Learn to identify 10 characters of classical Japanese cursive script with the Kuzushiji-MNIST (kmnist) dataset. A Benchmark created with Weights and Biases.
Introduction
Getting started

Introduction

This community benchmark is a fork of Kuzushiji-MNIST (kmnist) instrumented with Weights & Biases to track and visualize model training and facilitate collaborative deep learning. Given an image, correctly classify it as showing one of ten classical Japanese cursive characters.

This fresh reimagining of MNIST preserves technical simplicity, offers more headroom for creativity, and relies less on visual intuition (only a small number of experts can read Kuzushiji script, regardless of fluency in contemporary Japanese). It is an exciting challenge with the potential to make classical Japanese literature more accessible.

Runs in this project can be submitted to the Kuzushiji-MNIST (kmnist) public benchmark.

Getting started

First clone and initialize the starter code repository. This will also download the training data into a folder named "dataset" inside the repo.

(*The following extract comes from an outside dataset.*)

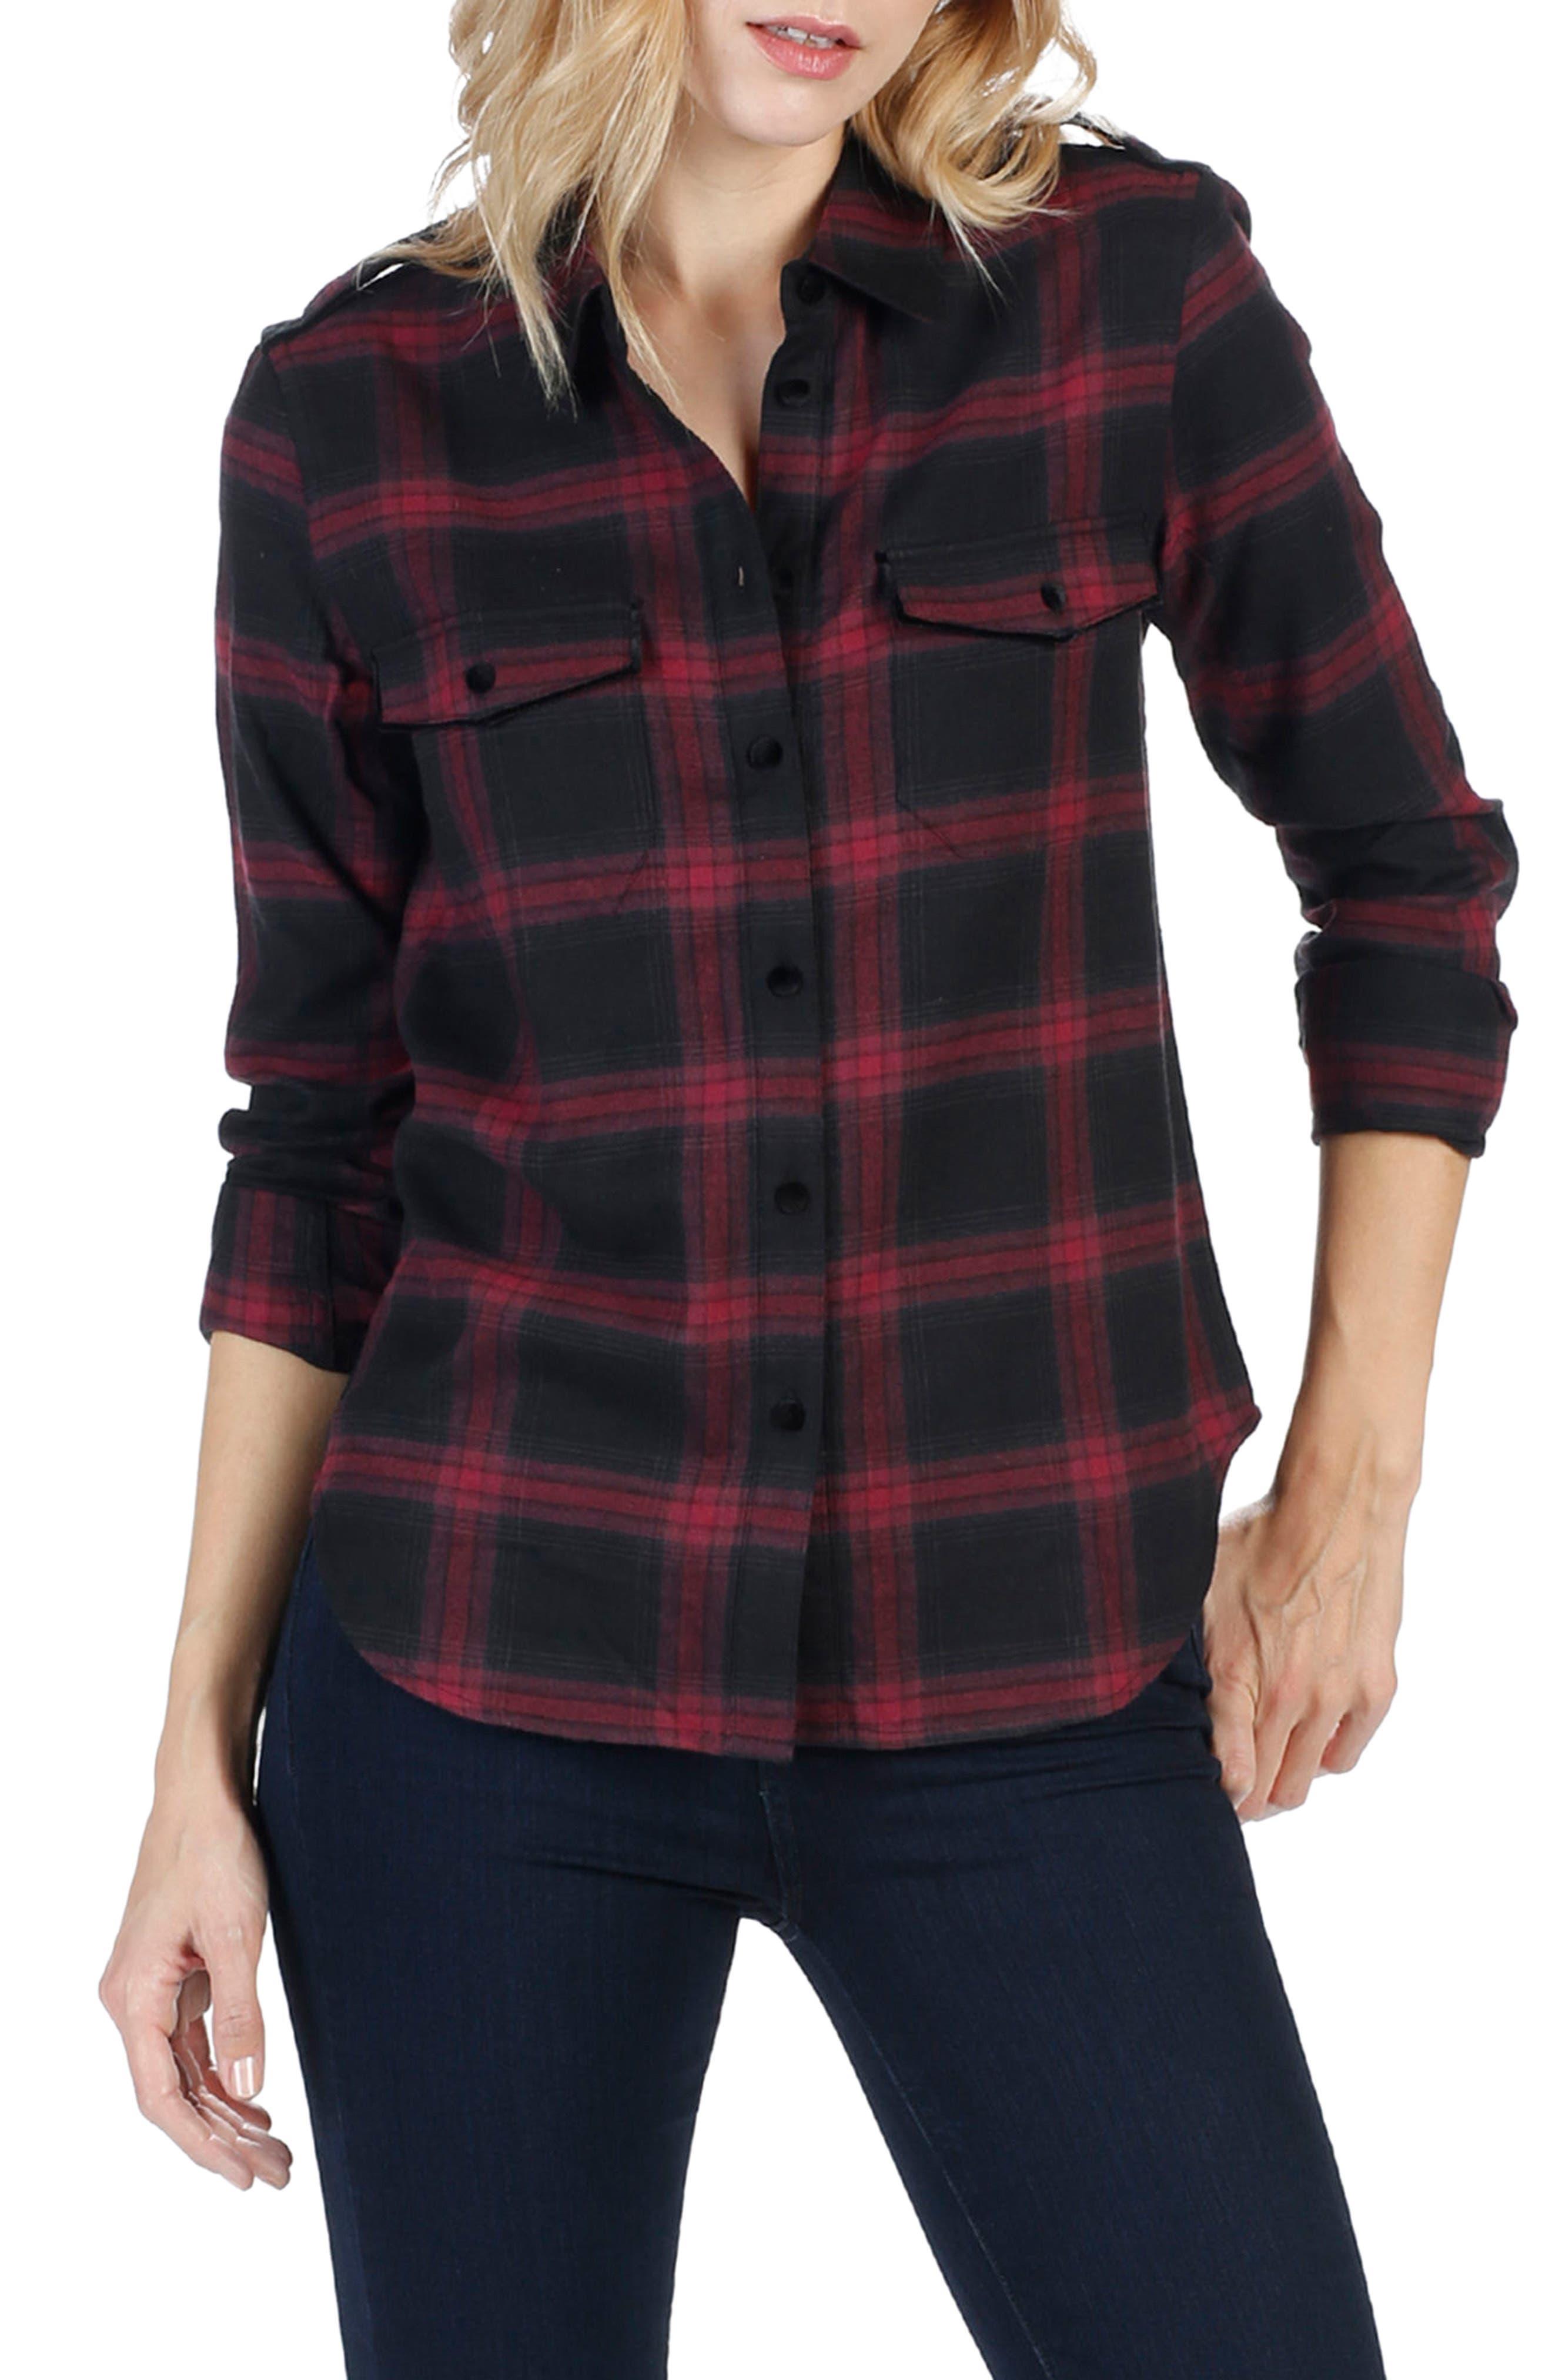 Adilene Plaid Shirt,                         Main,                         color, True Black/ Dark Magenta

> git clone https://github.com/wandb/kmnist
> cd kmnist/benchmarks && pip install -U -r requirements.txt
> ./init.sh [PROJECT NAME]

Now you can run scripts to train models. Your results will show up in the "Project workspace" tab to the left. For a quick experiment that trains on 10% of the data, you can run the following example script:

> python cnn_kmnist.py --quick_run

You can modify training configuration and hyperparameters by editing the example scripts or via command line. Run the following to see all the options:

> python cnn_kmnist.py -h

You can explore various settings to improve these baseline models or write your own scripts.

Evaluation

We will be using the "kmnist_val_acc" metric to evaluate all entries to the benchmark. This logs the validation accuracy computed from tensorflow.keras on the 10K images in the provided test data. If you're using a different framework, please log an equivalent metric with the same name--PRs implementing this in other frameworks are most appreciated.

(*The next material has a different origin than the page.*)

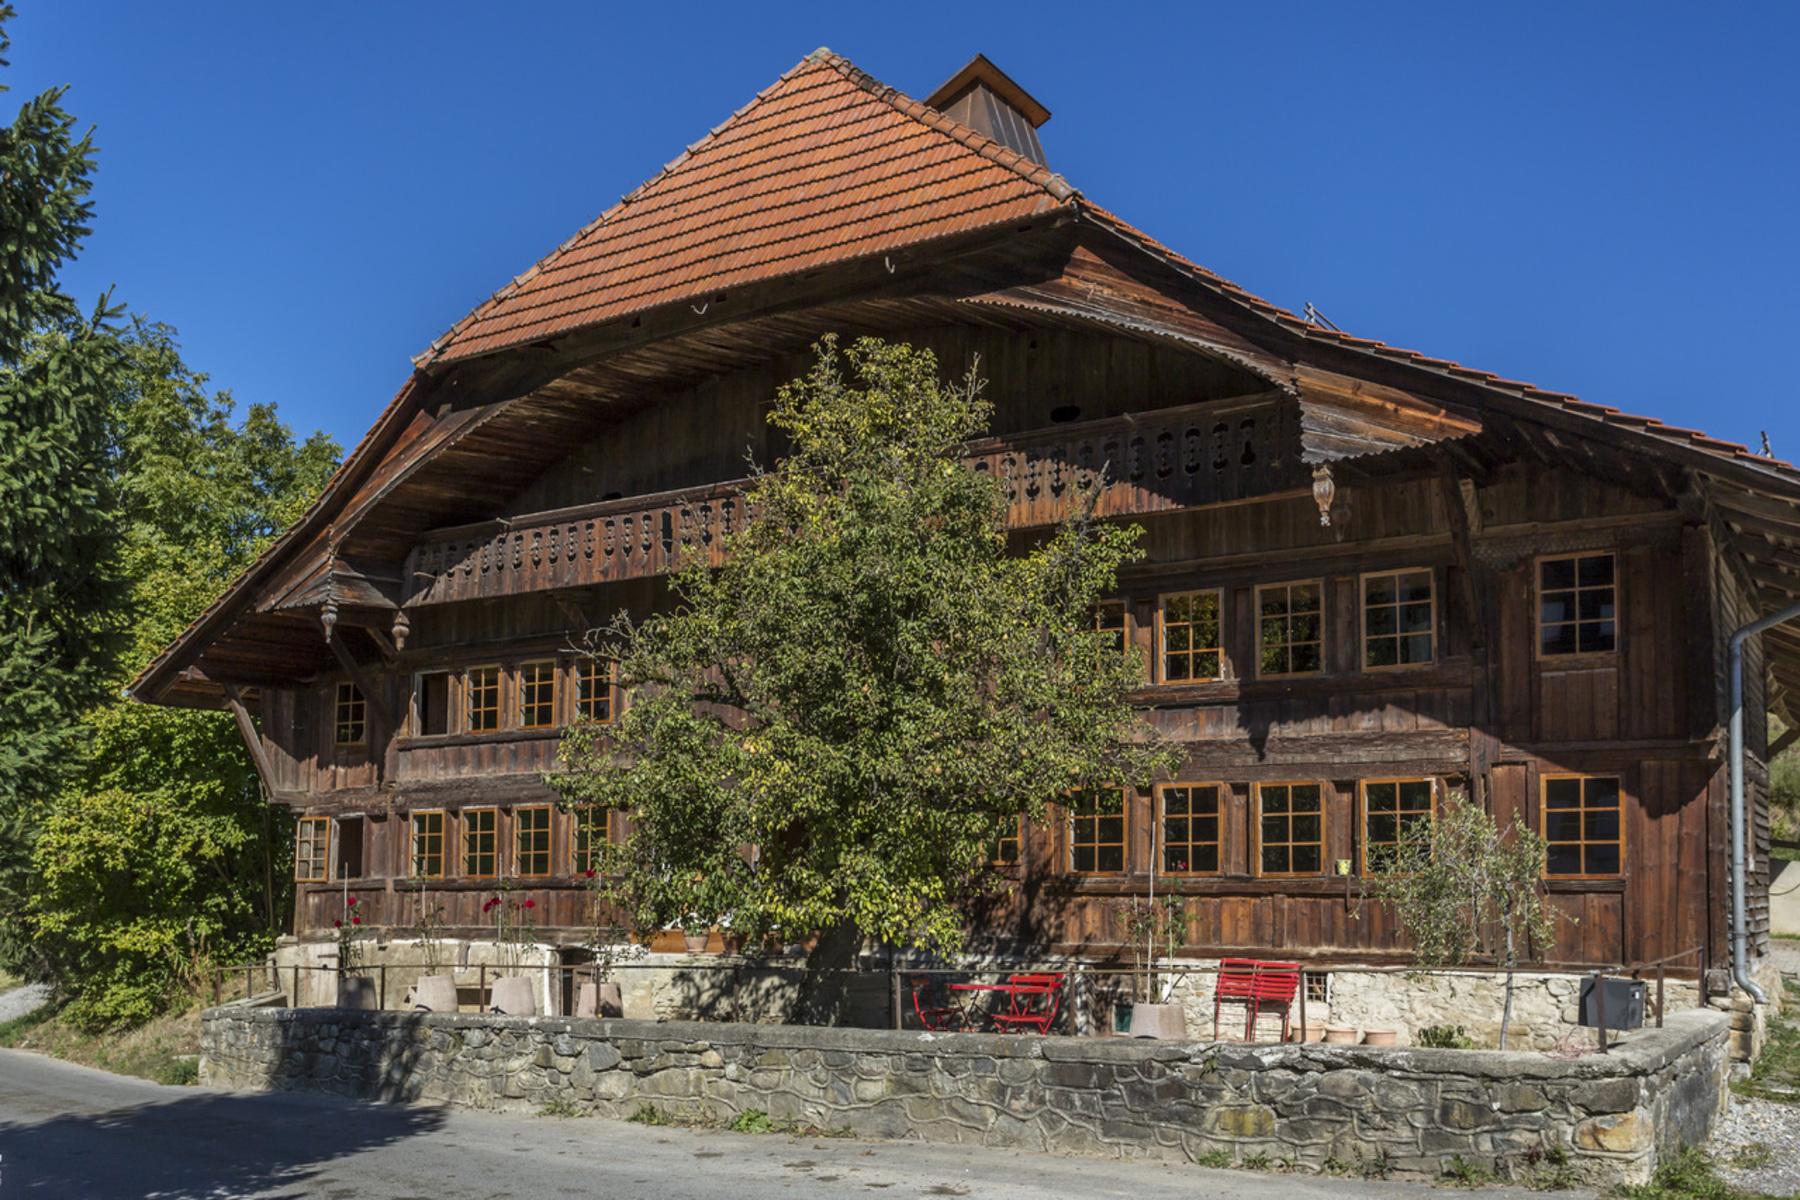 农场 / 牧场 / 种植园 为 销售 在 An authentic, historic farm with equestrian facilities Le Mouret, Le Mouret, 弗里堡, 1724 瑞士

How to submit your results

Once you're happy with your model's performance on the "kmnist_val_acc" metric, you can submit it for consideration to the public benchmark from the "Runs" table in the "Project workspace" tab. To submit a specific run, hover over the run's name, click on the three-dot menu icon that appears to the left of the name, and select "Submit to benchmark".

All submissions are reviewed by the benchmark administrators before acceptance.